MonetDB developers,
As my Easter contribution, I just checked in changes that
introduce a change in which strings are stored in BATs, that affects only the
(not ver often used?) setting of 64-bits compilation with 32-bits oids. This is
achieved with the configure options --enable-bits=64 --enable-oid32. By
default, the oid width (used to identify tuples) follows the addressing bit
with (hence 64-bits pointers and 64-bits oids).
The motivation to use 32-bits oids is that many
intermediates (often consisting of oid columns) and also the hash tables and
the string offsets (which use the type var_t that follows oid in its width)
become smaller. For those 64-bit users that are interested in reducing memory
consumption, 32-bits oids will likely reduce the MonetDB memory footprint by
20-40%. Especially those who are just running out of space may benefit.
Using 32-bits oids has the effect that only 4G tuples may be
stored in a single (intermediate) table. The vaste majority of database
problems run on a single box (as MonetDB does) have this characteristic.
Regrettably, in the past, an additional resitriction (due to var_t) was that
each individual string column could hold max 4GB as well. Note that MonetDB
does best-effort string de-duplication in a column, so your tring data might be
smaller than you think. By the way, there is no good way to get precise stats
on the physical size of a column, but you can scan for .theap files in the
bat/ directory of your database installation -- those are the string heaps.

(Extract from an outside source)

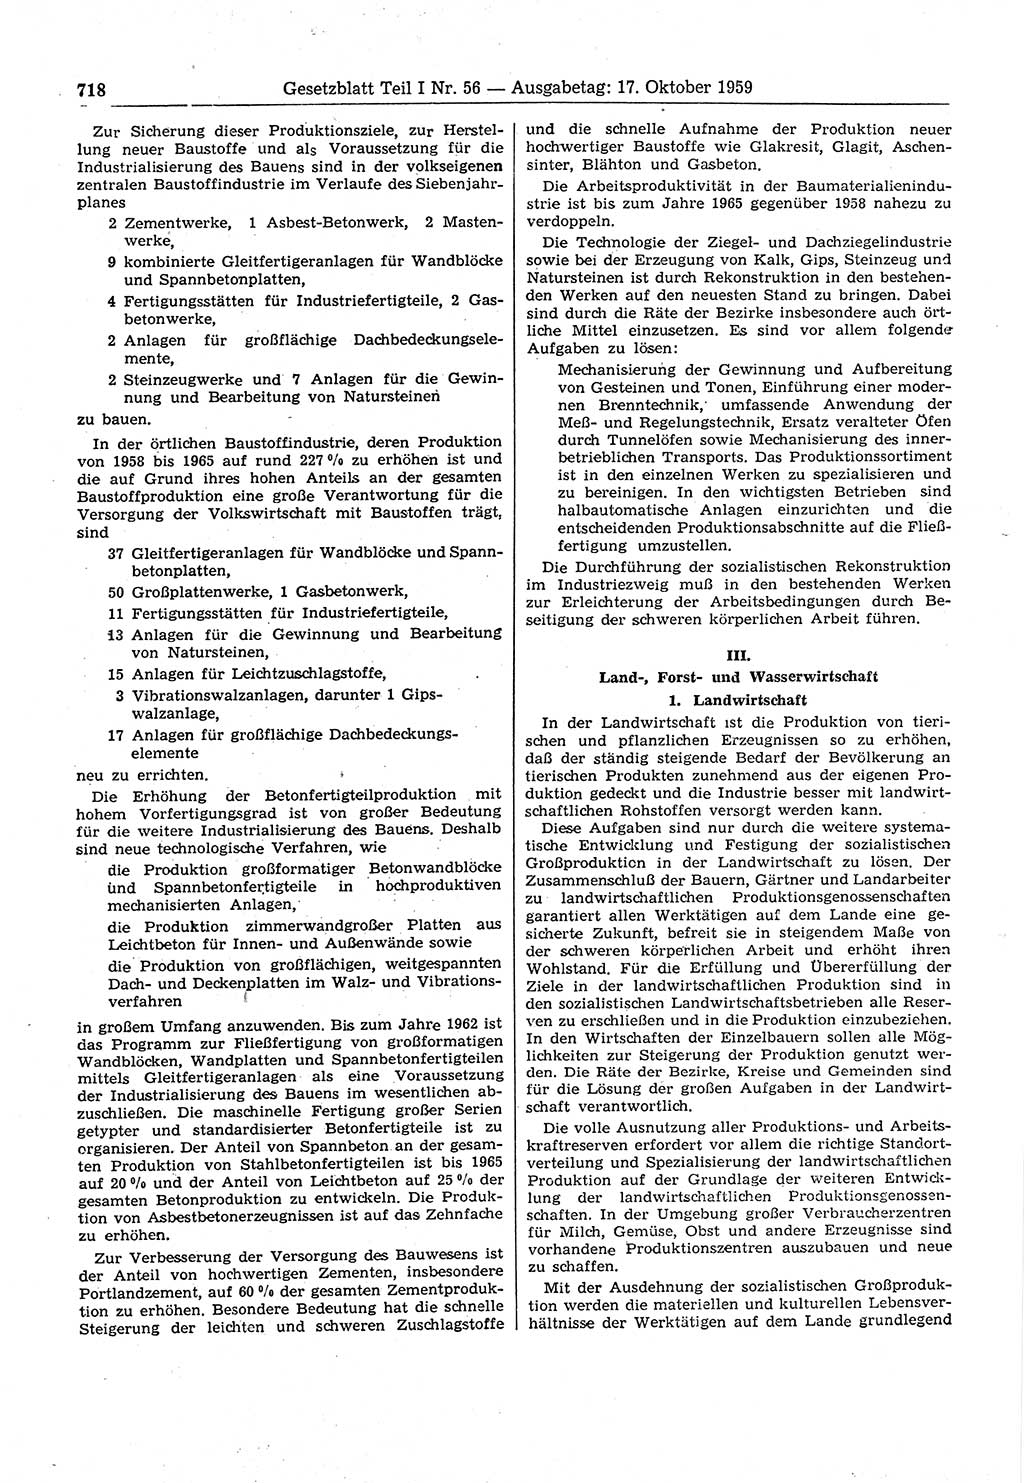 Gesetzblatt (GBl.) der Deutschen Demokratischen Republik (DDR) Teil Ⅰ 1959, Seite 718 (GBl. DDR Ⅰ 1959, S. 718)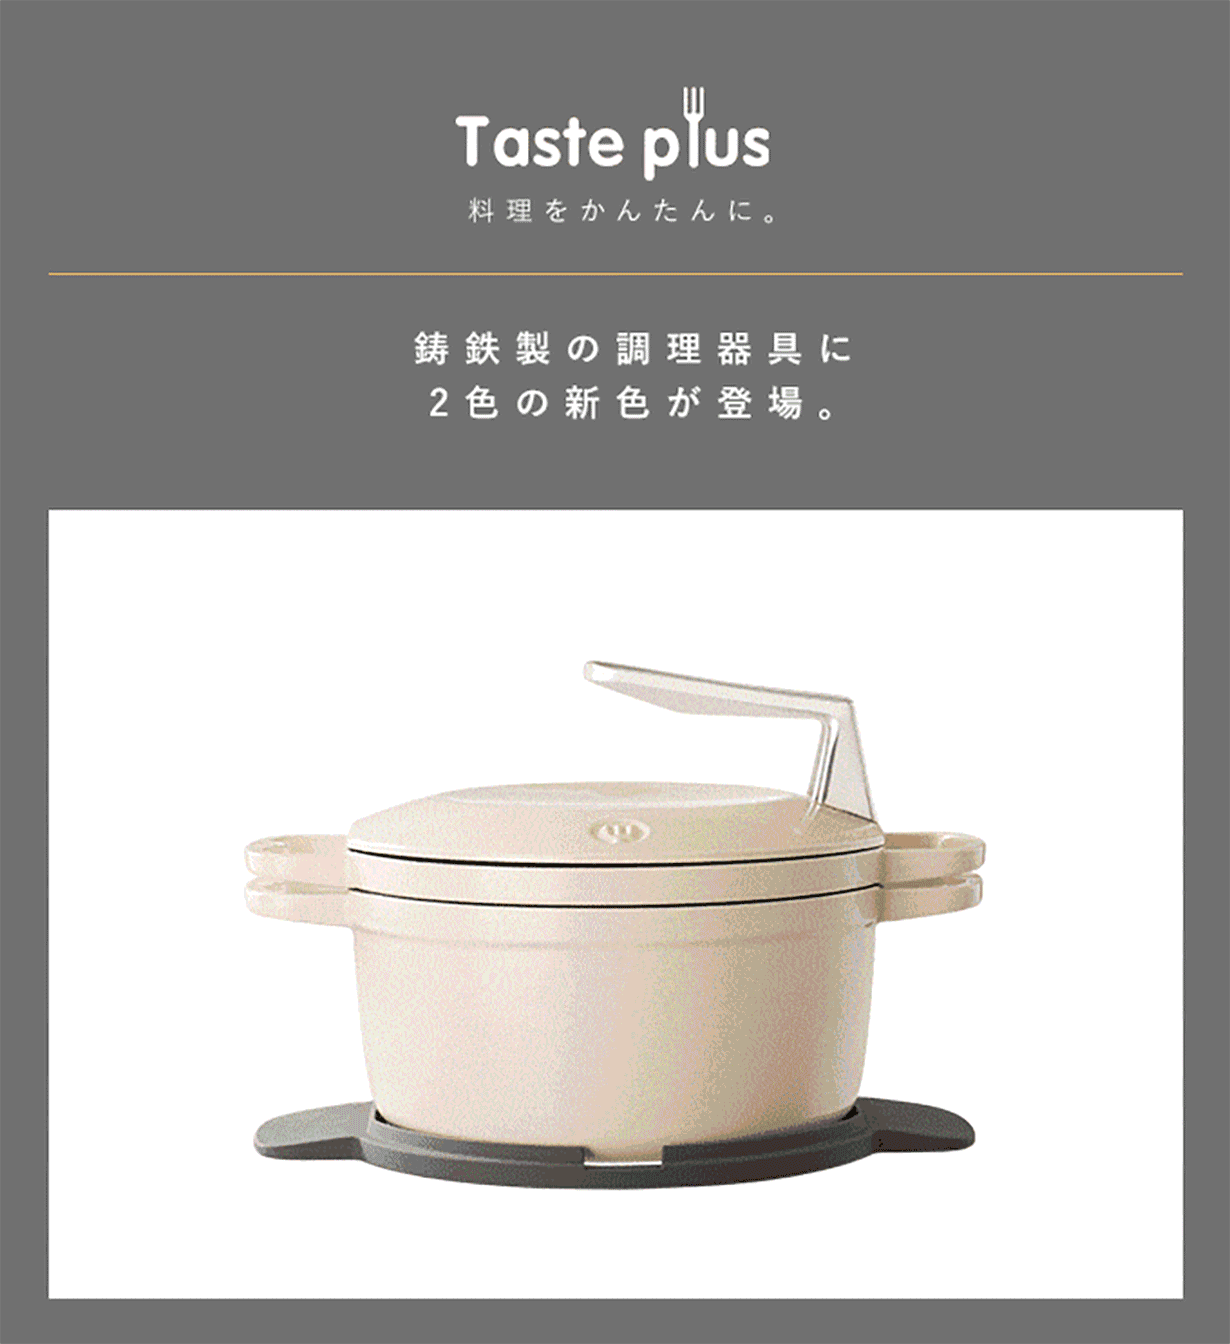 1台で9種の調理』重ねて収納できるTastePlus鋳物ホーロー鍋がMakuakeにて先行予約販売開始！ | BP株式会社のプレスリリース

So, the change checked in interprets the var_t no longer as
a byte offset, but an index that is multiplied by 8 (GDK_VARSHIFT=3 for
64bits/oid32, zero otherwise -- so then it is a no-op removed by the compiler
even). It also means that strings in the heap are aligned on 8-byte boundaries,
then. Note that strings often are aligned to 4-byte boundaries (32-bits) or 8-byte
boundaries (64-bits) anyway, unless the duplicate elimination really gave up,
which happens if only a very low duplicate locality exists. Also, the string
heaps additionally stored pointers in the heap for the de-duplication
hash-table which could lead to an avg overhead of 4 (half of 8 byte alignment)

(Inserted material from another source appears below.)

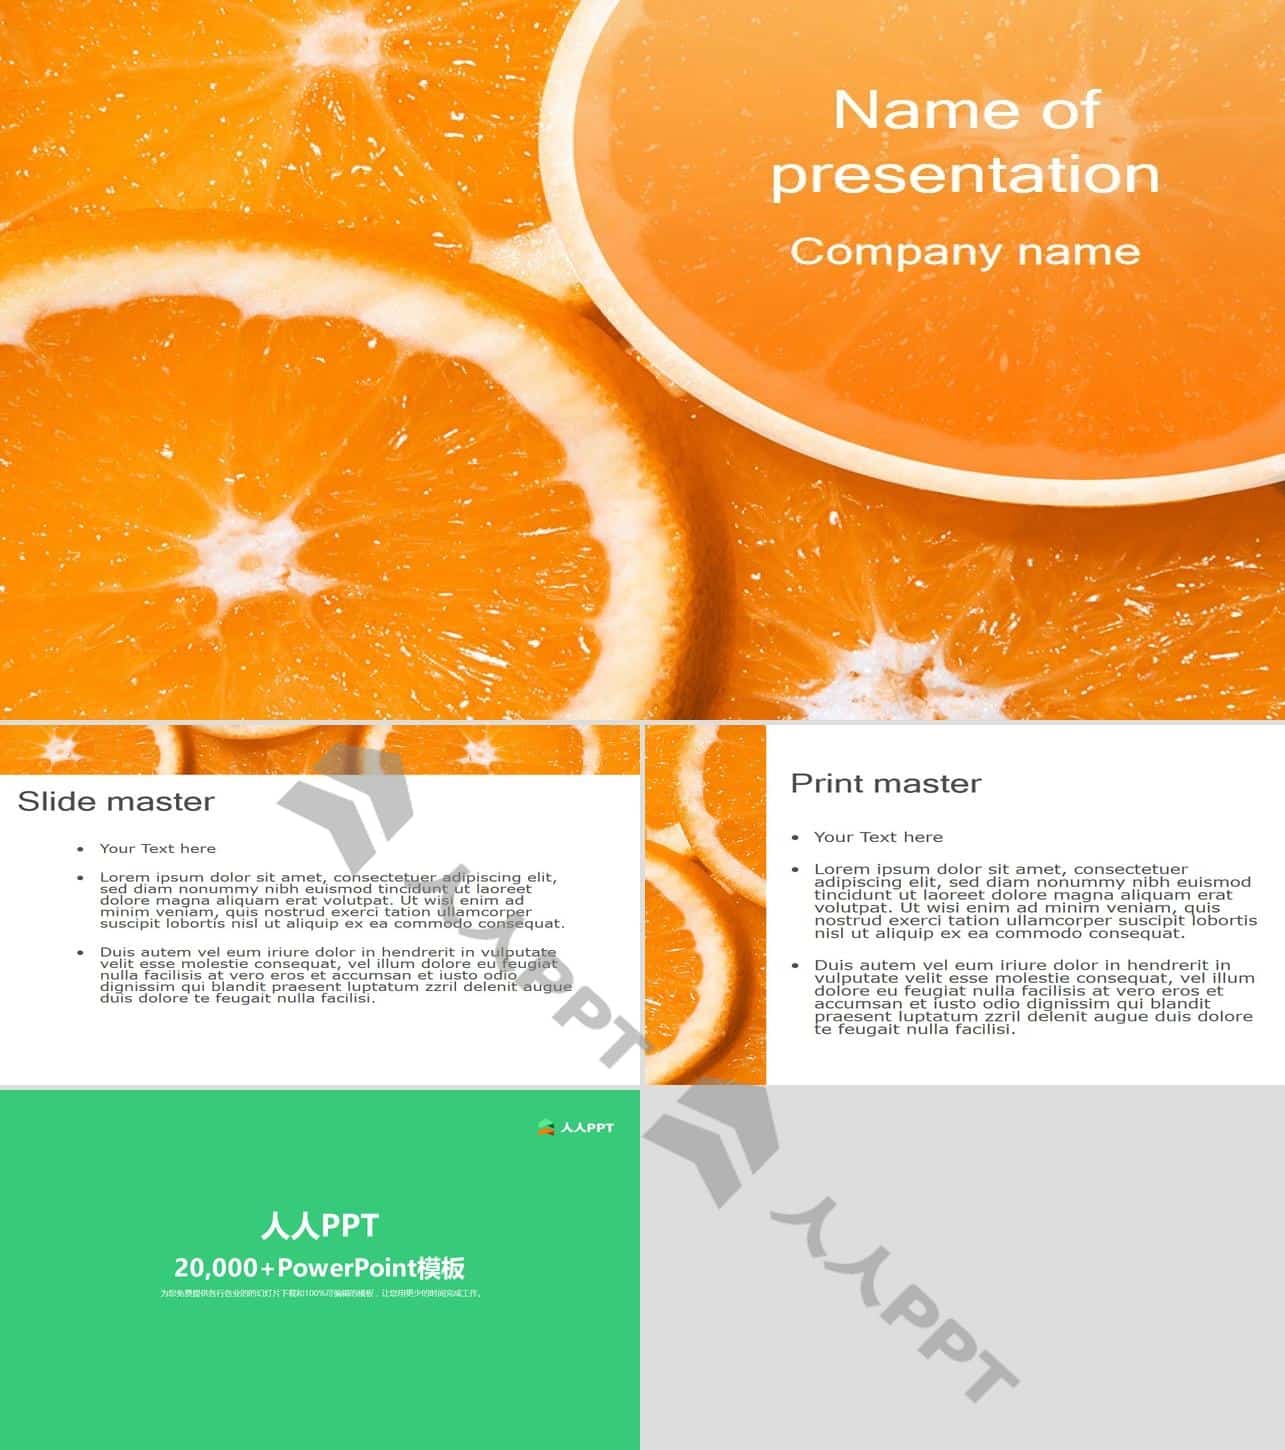 橙子水果PPT模板长图

+ 8 (pointer) = 12 bytes per string. The change also improves the non
GDK_VARSHIFT compilation mods in reducing this overhead to 2 bytes only. For
64-bits/oid32, the overhead is 2+4, due to the forced alignment.
So, in general, string storage got more compact across
the board (the effect will depend on your string distribution), notehowever
that for 32/32 and 64/64 the binary BAT format has *NOT* changed. No need to
export and re-import.
As for my original goal, for 64-bits/oid32 the effect is
that a single column can now contain 32GB of (de-duplicated) string data. That
aligns much better with the 4G tuple limit than the previous 4GB. I made
this change actually mostly because I think oid32 reduces memory consumption,
not even so much the var_t (string) offset width. Still as var_t and oid move
together, I had to do something. As an alternative, we could make var_t
independently configurable (such that we have 32-bits oids and 64-bits var_t).
This still remains an option for the future. Another potential option for the
future is to set the string alignment on a bat-for-bat (per-column) basis. This
is also feasible, but would require more API changes.
A final point of attention is the stability/fallout of this
change. I have tried to be complete -- my changes span all our CVS
repositories. However, I did not that in general the support for 64-bits/oid32
is not as perfect as it should be, as evidenced by the TestWeb. Strinking
examples are queries in the src/benchmarks/ATIS (especially the simple join
query seems easy to debug), and TPC-H. But in general the 64/32 column shows
more red than other compilation settings. I think t=it is an interesting
setting, we have used it consistently for our XMark XQuery benchmarking, and I
think it also serves well for TPC-H (up to SF300) and e.g. the open streetmap
data. Therefore, I think it would be worthwhile if some of these long standing
M5/SQL issues that are specific to 64/32 would be fixed.
thanks for your attention,
Peter